Já nos entendemos muito bem nesse processo. As músicas acabam por sair mais
sólidas, mais diretas, sem grandes complicações.
O disco apresenta uma
forte componente conceptual. Podes aprofundar os temas centrais de Turbulence e a narrativa
que o atravessa?
Não diria que é um disco conceptual. São músicas
diferentes, mas que acabam por estar ligadas por um certo estado de espírito.
Muito disso vem de experiências pessoais que prefiro não explicar diretamente,
mas que acabam por sair na música de forma mais disfarçada. Turbulence é
isso: momentos em que sentes que não tens controlo, em que as coisas começam a
apertar. Há tensão, há claustrofobia, há instabilidade… mas também há
resistência e aceitação. Creio que a sonoridade do disco conseguiu captar isso.
Ainda dentro desse
universo conceptual, recentemente partilharam nas redes sociais o conceito de Dragon Magic. Que
papel desempenha essa ideia no imaginário da banda e na construção deste ciclo?
Dragon Magic vem da imagem da bandeira da antiga Lusitânia. Mas mais do
que isso, é uma metáfora. A ideia de um “sangue de dragão” a correr nas veias,
algo instintivo, indomável. Uma força que está lá, mesmo quando parece
adormecida, e que aparece quando tens de te impor ou reagir. Tem muito a ver
com resistência, com cair e voltar a levantar.
Musicalmente, nota-se
uma abordagem talvez mais “americanizada”. Foi uma intenção deliberada ou uma
consequência das vossas influências?
Não concordo, como fã e ouvinte de US metal,
creio que, por exemplo, o Cursed And Punished tem muito mais abordagens
americanizadas. Na minha opinião, este disco até mais muito mais de melodia
europeia, agora claro, isto é tudo muito subjetivo do universo em que a pessoa
se move e ouve, já tivemos fãs a dizer que somos uma banda de power metal
(risos).
A entrada do novo
baixista Infernando marca uma nova fase na banda. O que trouxe ele de diferente
à dinâmica interna e ao processo criativo?
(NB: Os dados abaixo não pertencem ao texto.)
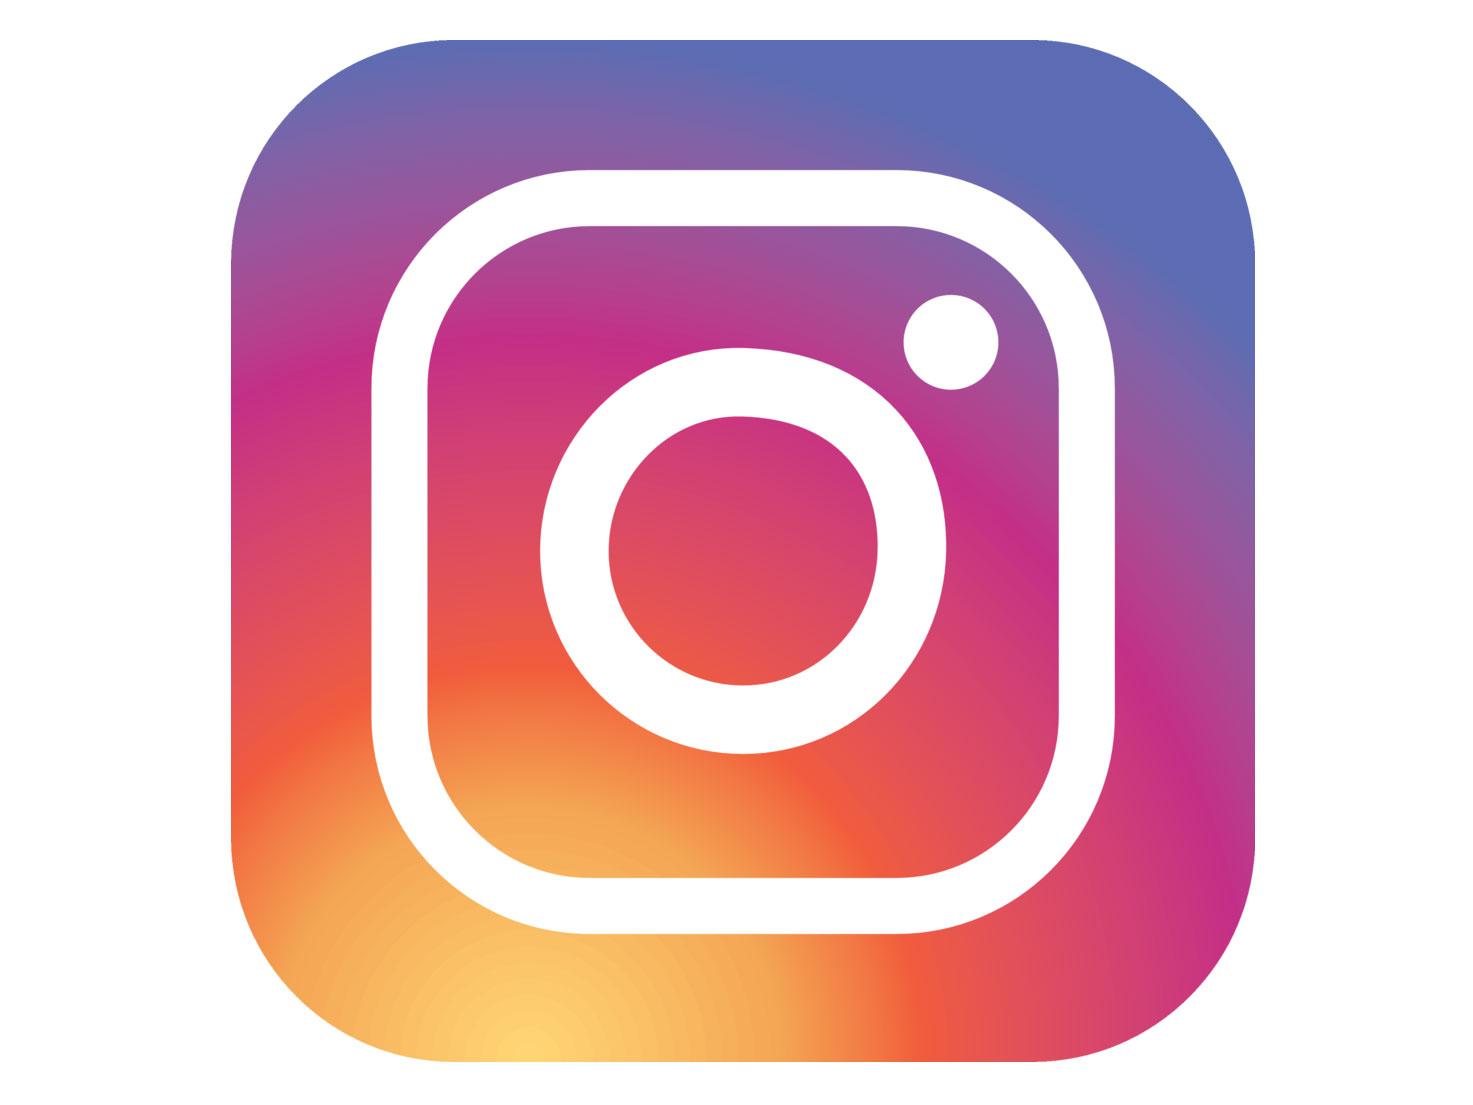 Instagram clipart image clip black and white stock 92+ Instagram Clipart   ClipartLook clip black and white stock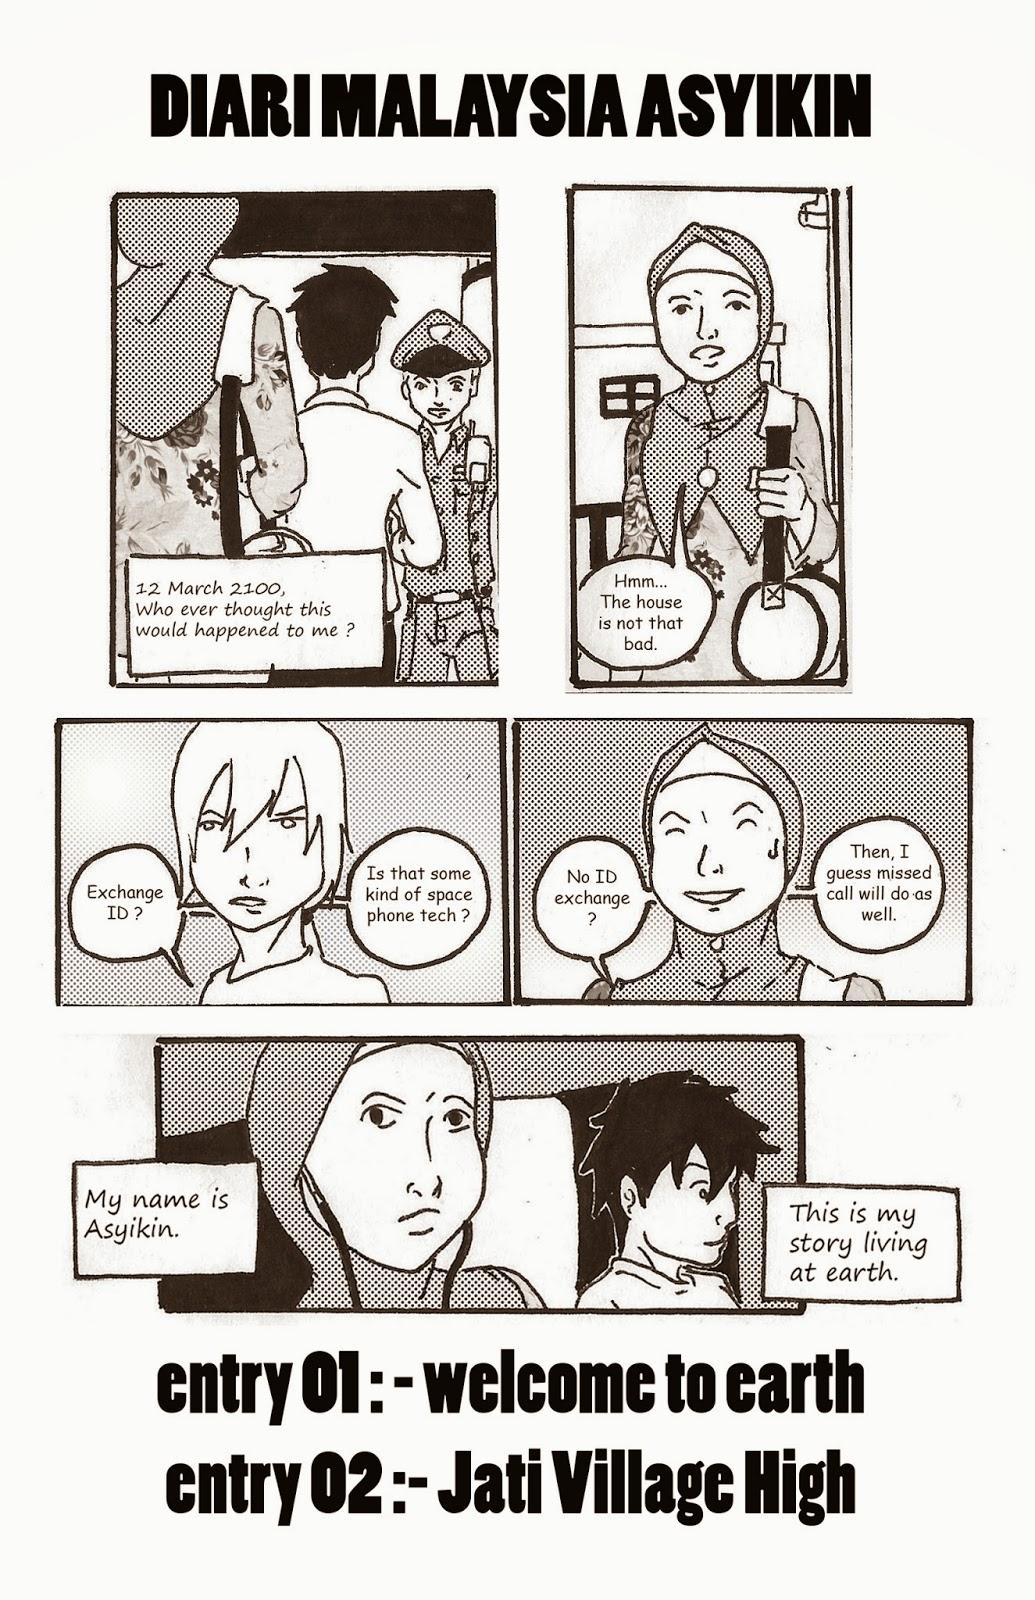 http://www.inkblazers.com/read-manga/Diari-Malaysia-Asyikin-Chapter-1-Welcome-To-Earth/6668/0/0?lang=en

Trouxe estabilidade e profissionalismo. É um grande
músico e percebe bem o que queremos para a banda. Encaixou logo e isso ajudou a
equilibrar muito as coisas.
A produção de Jamie
Gomez Arellano trouxe um corte mais incisivo e poderoso ao som. Como foi
trabalhar com alguém com um currículo tão vasto dentro do metal?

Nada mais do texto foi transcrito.